Через два дня епископ Войка снова призвал Меховецкого к себе и сообщил, что виделся с королем.

– Я надеюсь, вы понимаете, ясновельможный пан, – сказал он, – какой страшной тайной вы владеете?

– Безусловно, святой отец.

– Вы понимаете, что одно лишнее ваше слово или слово этого человека будет стоить вам жизни?

– Прекрасно понимаю, святой отец. Но и скрывать эту тайну от короля нельзя. Слишком она велика и опасна. Ею могут воспользоваться враги его величества. Может быть, этого Дмитрия заключить в тюрьму или в монастырь?

– Слишком много людей будут знать о нем и его претензиях. Одни слухи об этом человеке могут наделать нам много бед. На всякий случай объявите его сумасшедшим.

С этим Казимир Меховецкий уехал из Кракова.

* * *

В Самбор наконец-то тоже пришли письма. Два письма. Одно сухое и деловое письмо для Юрия Мнишека. И второе, более теплое, сестре Марины Мнишек красавице Софии.

Оно вызвало значительно больший интерес в фамилии.

«Ясновельможной панне Софии Мнишек от государя Московского и иных царств владельца и дедича – великого князя Дмитрия Иоанновича.

Милостивая панна София, писать Вашей красивой и строгой сестре у меня не поднимается рука. Слишком хорошо идут наши дела, и пани Марина может подумать, что меня одолело хвастовство.

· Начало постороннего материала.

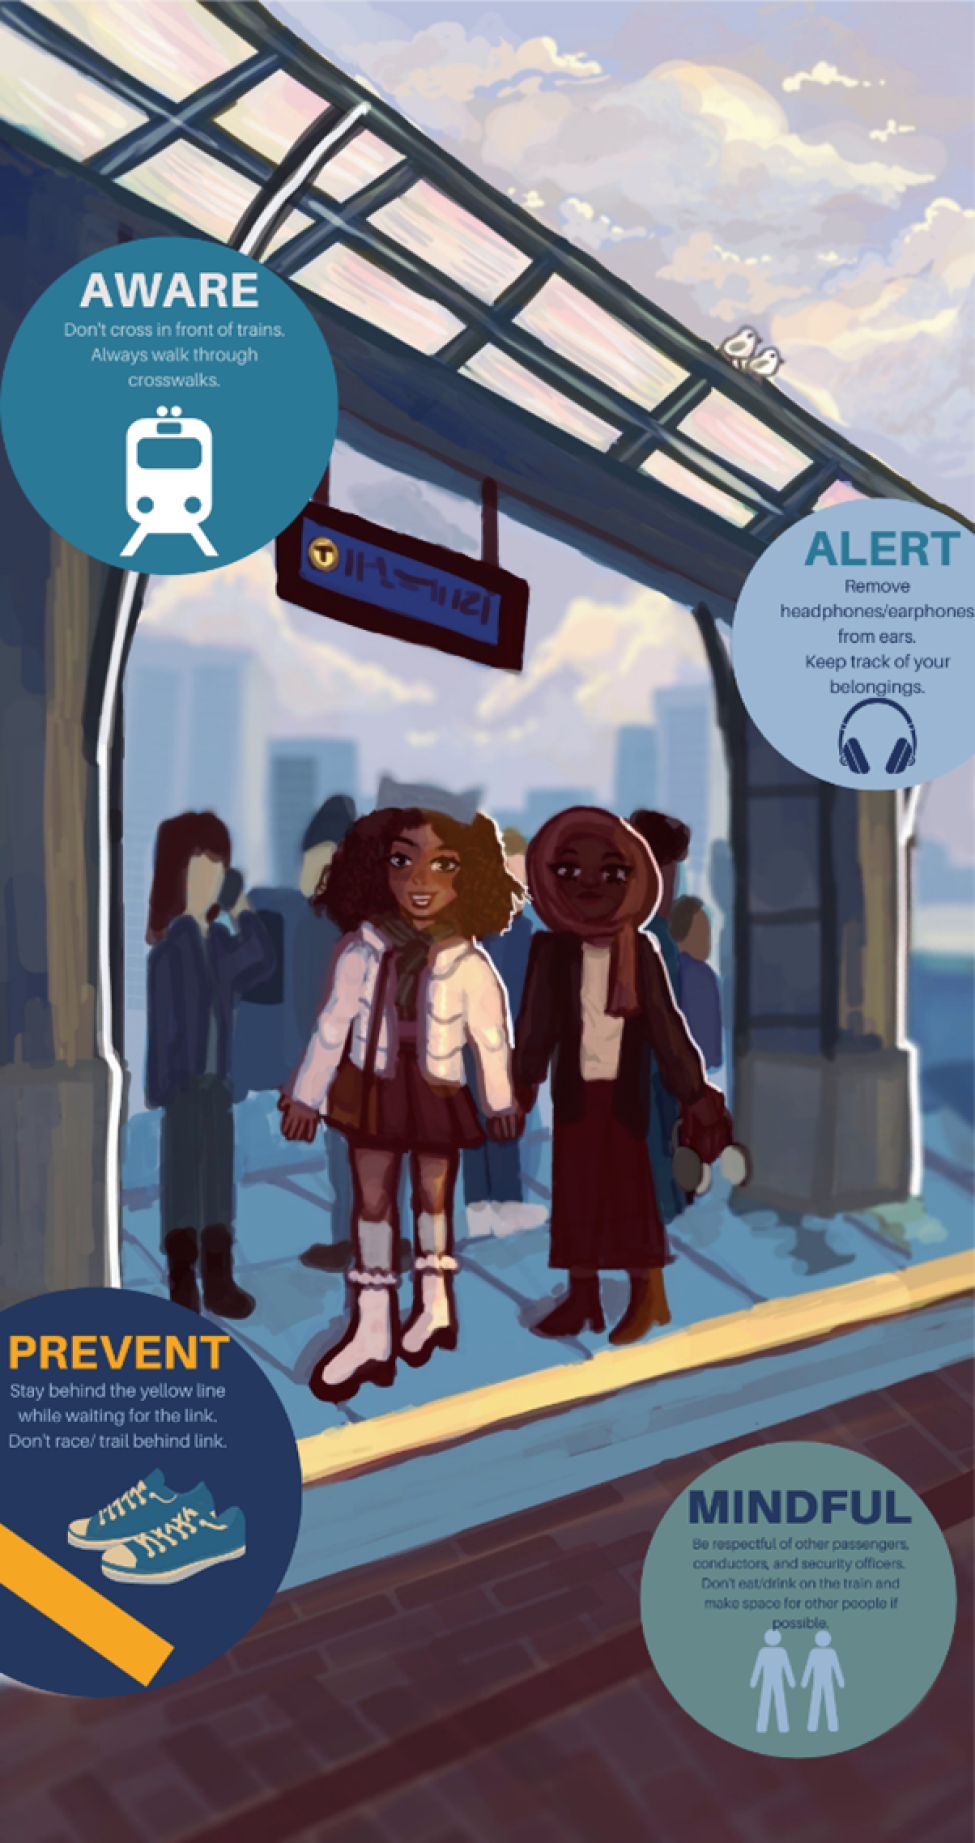 An art piece showing two people on a train platform with safety tips in text bubbles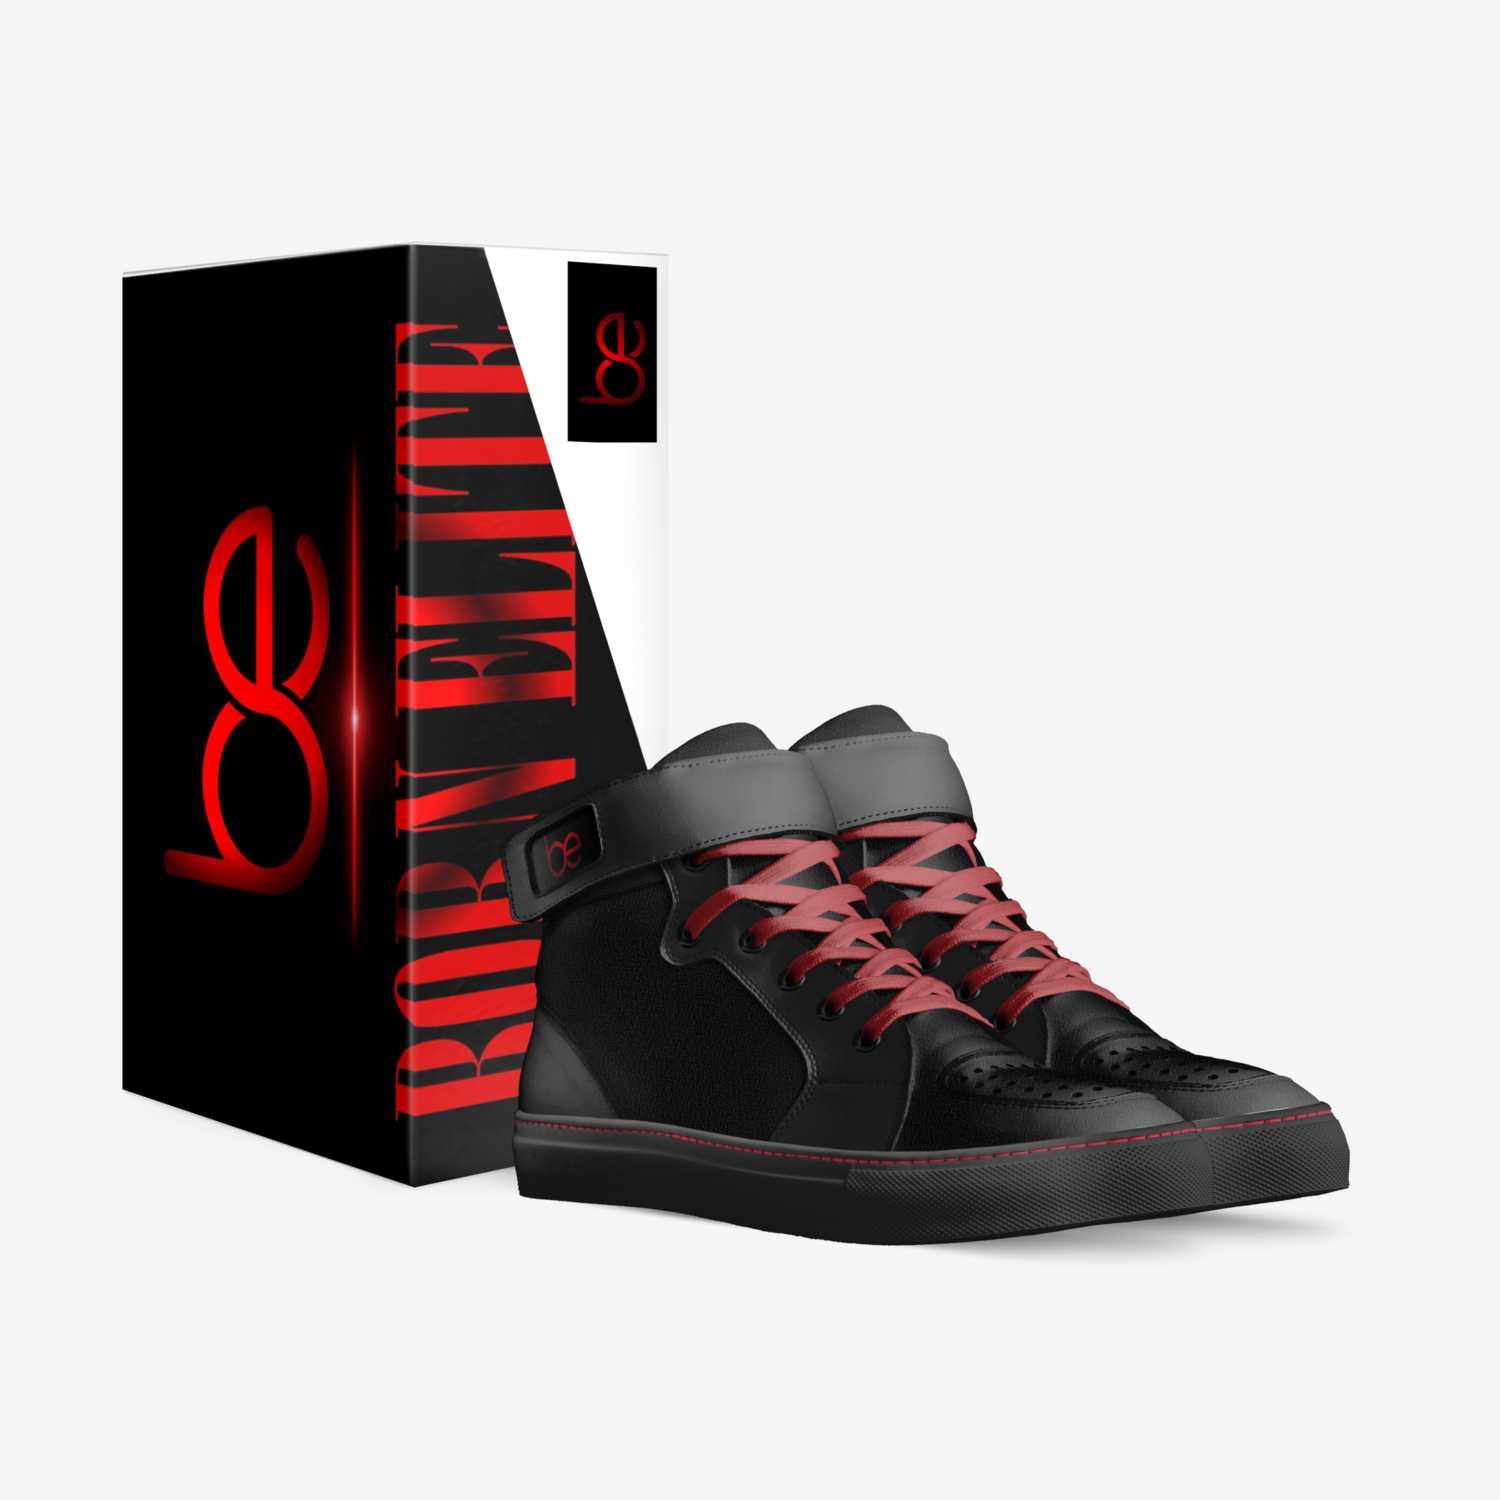 BORN ELITE custom made in Italy shoes by Adrian Martin | Box view

Из Ваших уст, милая София, события, происшедшие с нами, будут выглядеть более реальными.

Как Вам может быть известно, по высокому предусмотрению Божию, мы (войско мое и я) в благословении и счастье находились. Многочисленная неприятельская армия, которая долгое время стояла под Кромами, признала меня государем своим.

Уведомить нас об этом событии из войска к нам прислали князя Ивана Голицына, человека великого и знатного во многих государствах наших. Также послы со всех уездов приезжали с объявлением подданства и послушания и прося милосердия.

А сейчас премного просят меня, чтобы я без промедления в Москву для коронации ехал. И мая 25 дня мы в Москву отъезжаем.

Милая пани София, милостиво простите меня за столь и сухое и краткое послание. Но тяжелая походная жизнь отучила меня от умения говорить мягкие слова.

Передайте, что сочтете нужным из моих слов, Вашей утонченной и красивой сестре. Я искренне мечтаю о встрече с ней.

Уверяю Вас, что встреча ей в Москве будет оказана такая, какой еще нигде и никогда не видели.

Вашему отцу я написал особое письмо.

Ваш Дмитрий – царевич Великой Русии, государь и дедич всех государств, московской короне подвластных».

* * *

Армия Дмитрия, состоящая из поляков, казаков и ногайских татар, походным порядком шла к Москве. Параллельно ей двигалась сорокатысячная армия Басманова. Под Москвой она должна была распуститься.